Play good wide defense: While the focus of the fans’ attention will be on the big names in the Canadian middle, it is the wings where Canada will create some chances.  MLS fans are familiar with Will Johnson’s skill but Simpson is also a threat on the outside.  The Bocanegra/Bornstein/Cherundolo pairing will have to account for these wings in the 4-5-1 to allow Donovan and Dempsey more freedom to play forward.

Exploit the center backs: While DCU fans can explain the perplexing player that is Dejan Jakovic, he is undoubtedly a critical loss to the Canucks.  Their back line has talent, but lacks experience.  Besides McKenna, the Canadian defenders on the roster have four international caps among five players.  The U.S. should certainly take advantage of this.

How Canada can win

Clog the midfield: As Spain showed, the United States struggles when its midfielders cannot get the ball to the forwards.  This is especially true when the forwards are having a hard time creating their own shots.  While Canada is not Spain and cannot use precision passing to dominate possession, it can muddle the midfield and prevent Bradley/Edu/Jones from getting the ball wide to the wings or forward.

Score first, or hold the U.S. scoreless for a half: Both of these outcomes would play into Canada’s hands.  The U.S. team is feeling enormous pressure to escape with a win (maybe even a convincing win).  If Canada scores first or keep the game scoreless as long as possible, the pressure will grow that much more on the Yanks.  This team will make mistakes, and Canada needs to be in the position to exploit those mistakes.
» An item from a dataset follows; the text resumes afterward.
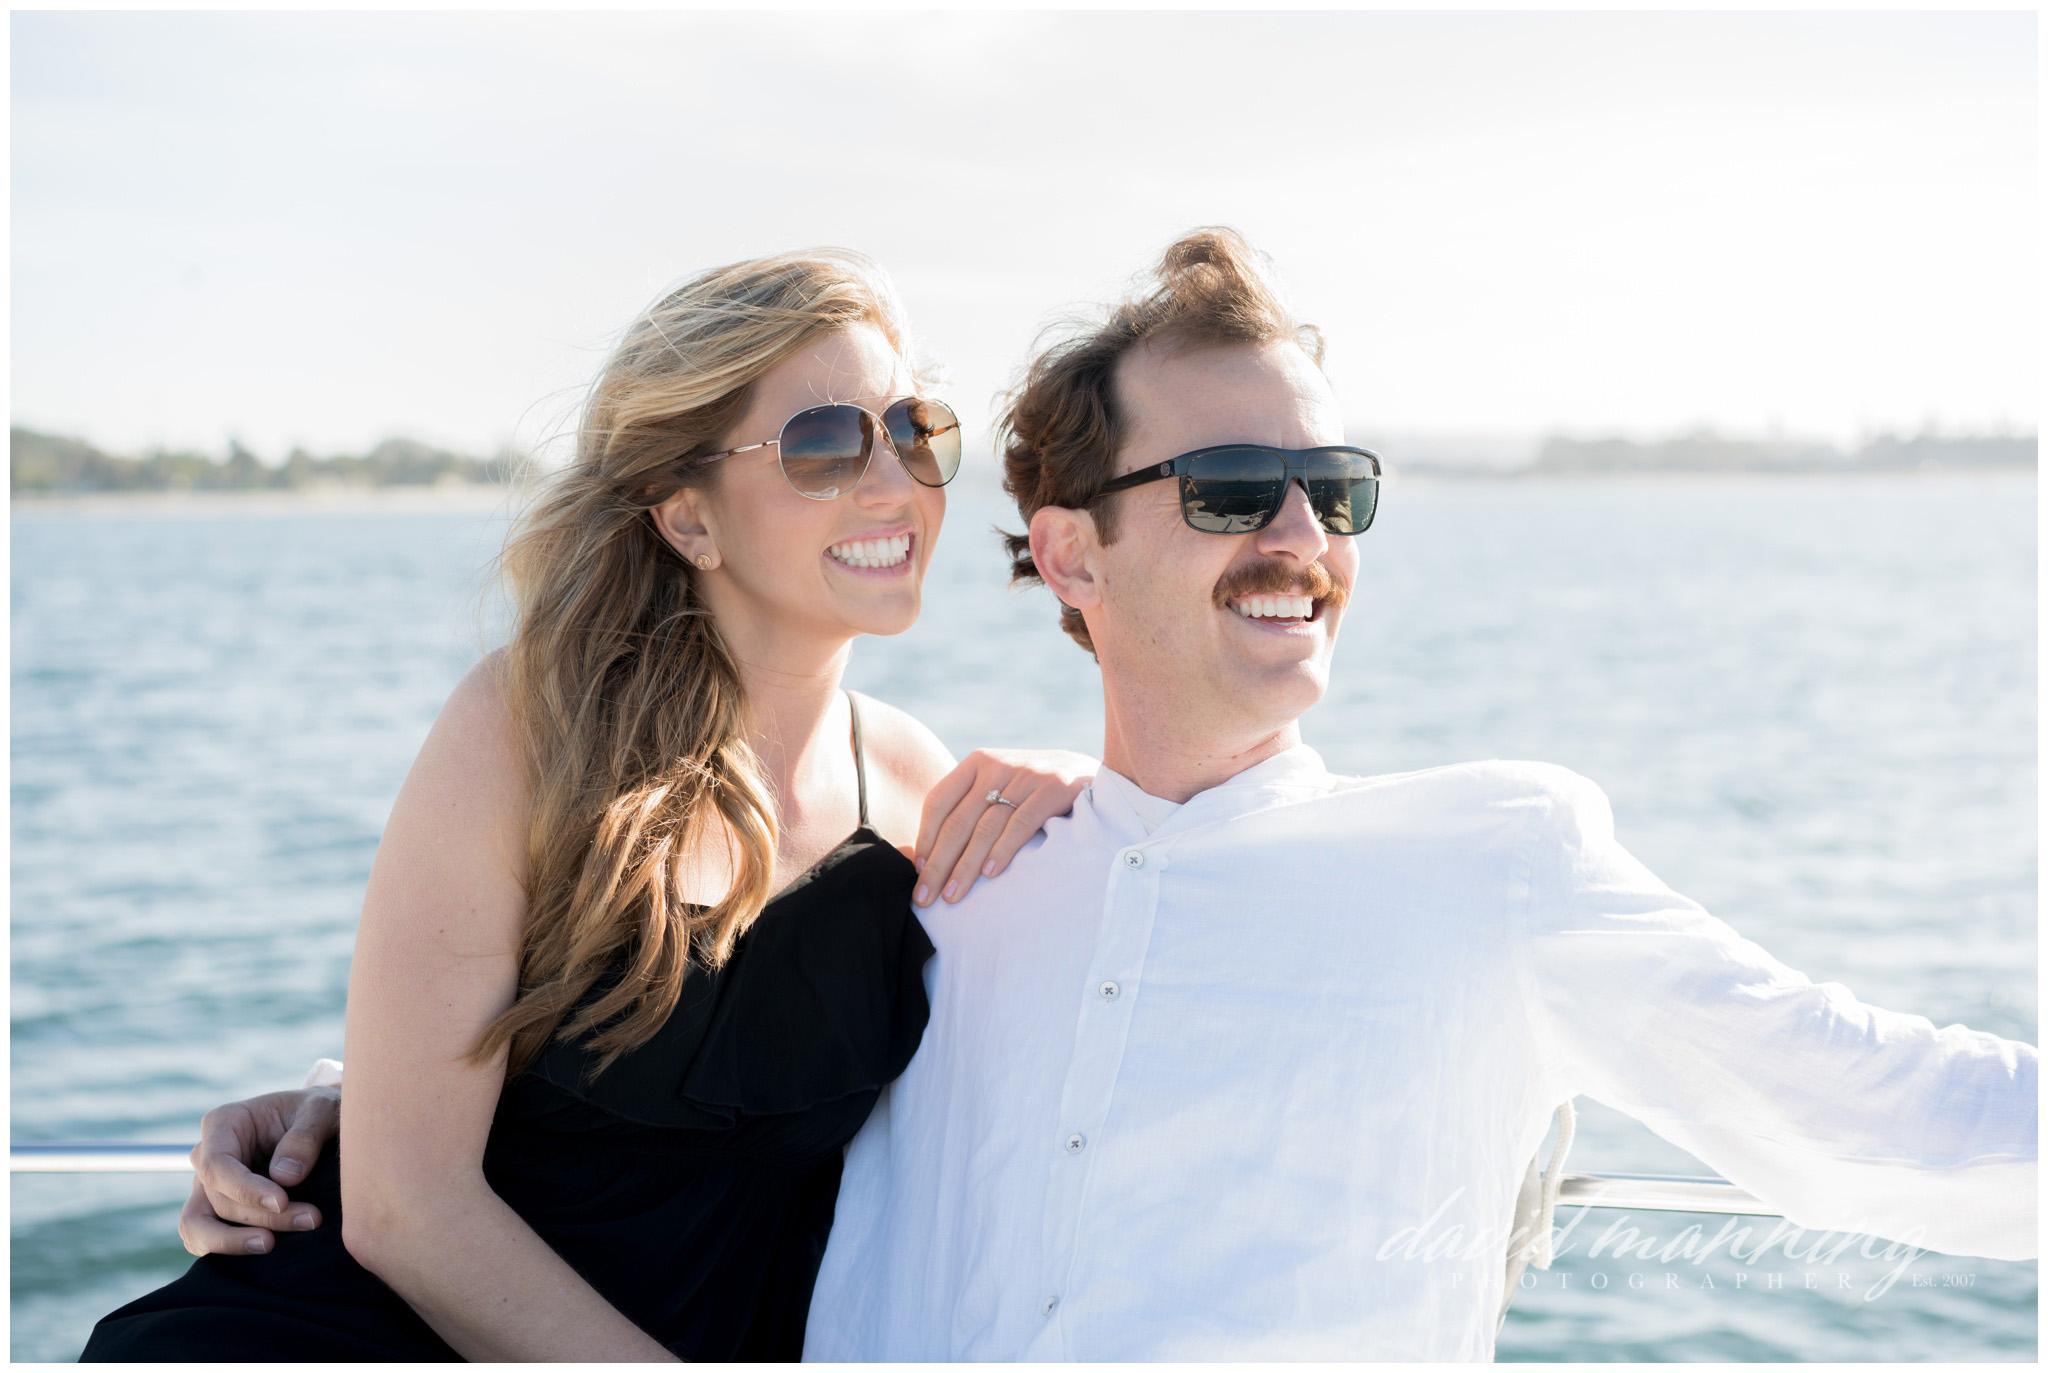 Alyssa-Taylor-Engagement-David-Manning-Photographer-0043.JPG
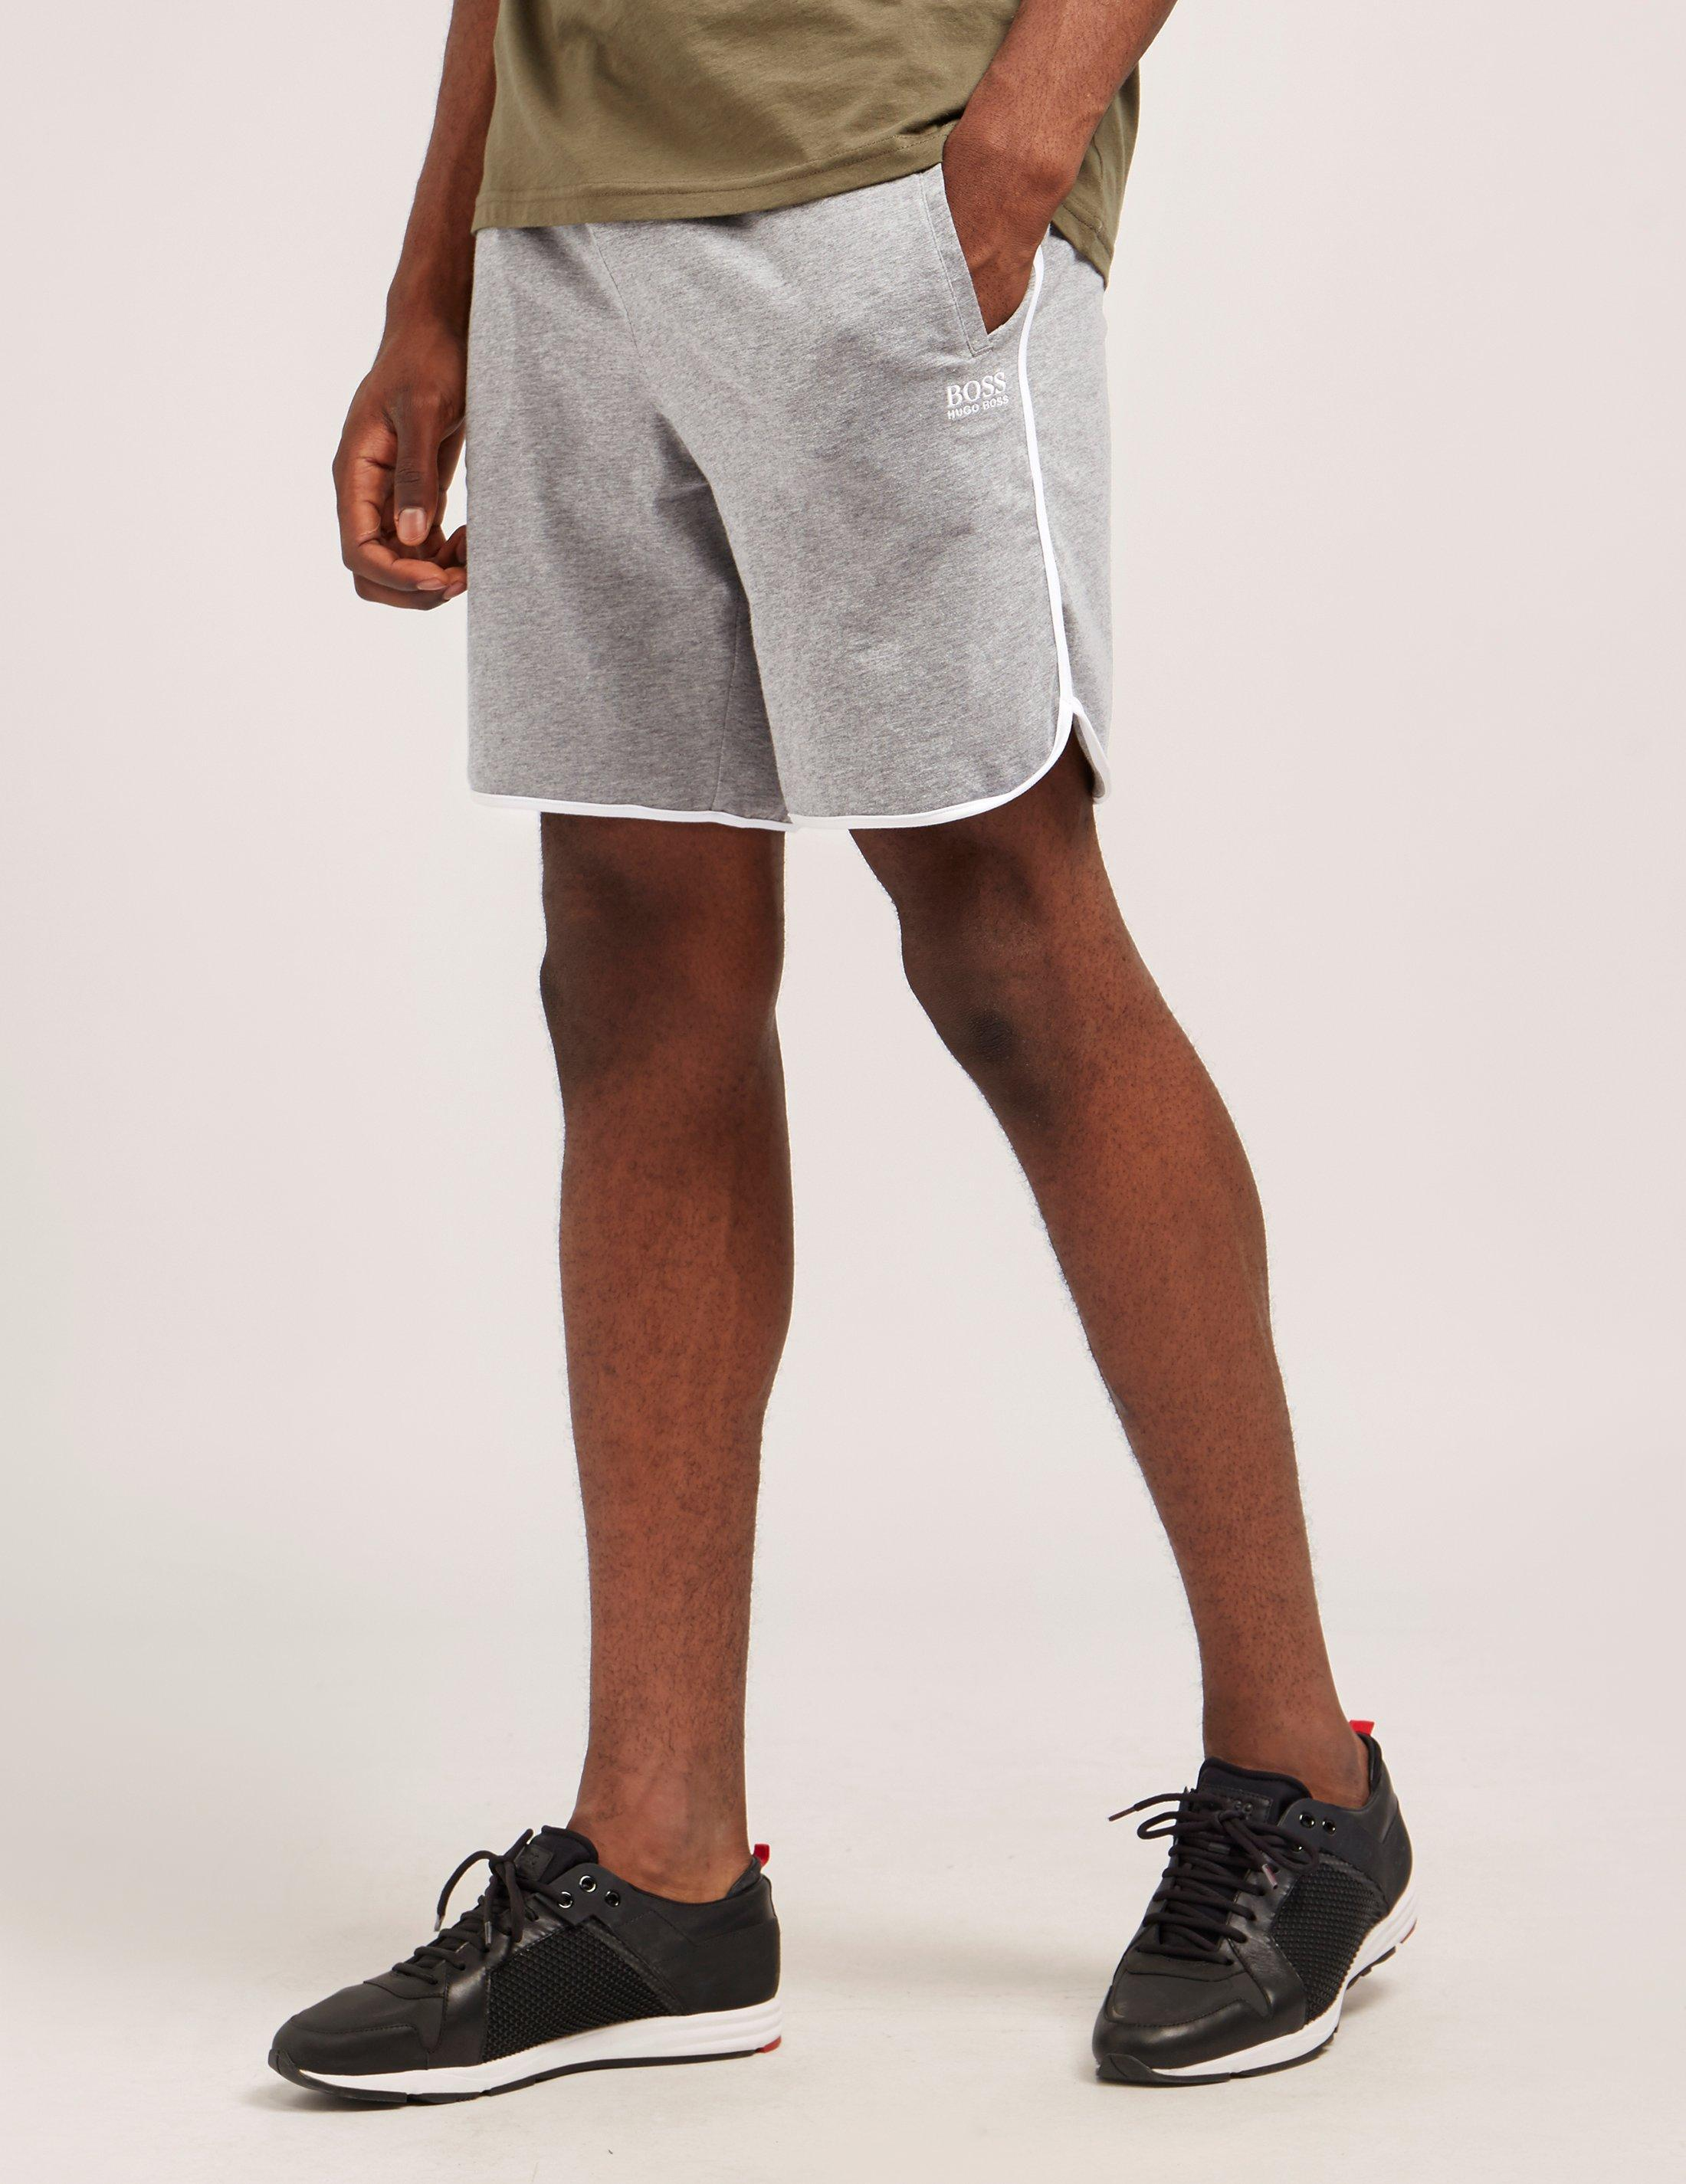 dcefba098 BOSS Logo Fleece Shorts Light Grey in Gray for Men - Lyst

Pick the right lone striker: As I stated before, there is a rumor that Ali Gerber could get the nod over Simeon Jackson, which would be surprising considering how good Jackson is playing.  Stephan Hart needs to ignore the sexy pick and decide which of his two forwards is the best for the lone striker position.  As the U.S. has seen, this is not an easy choice nor can it be a popular one; but there is little room for error for Canada and they need the best players for their formation, not the most popular players.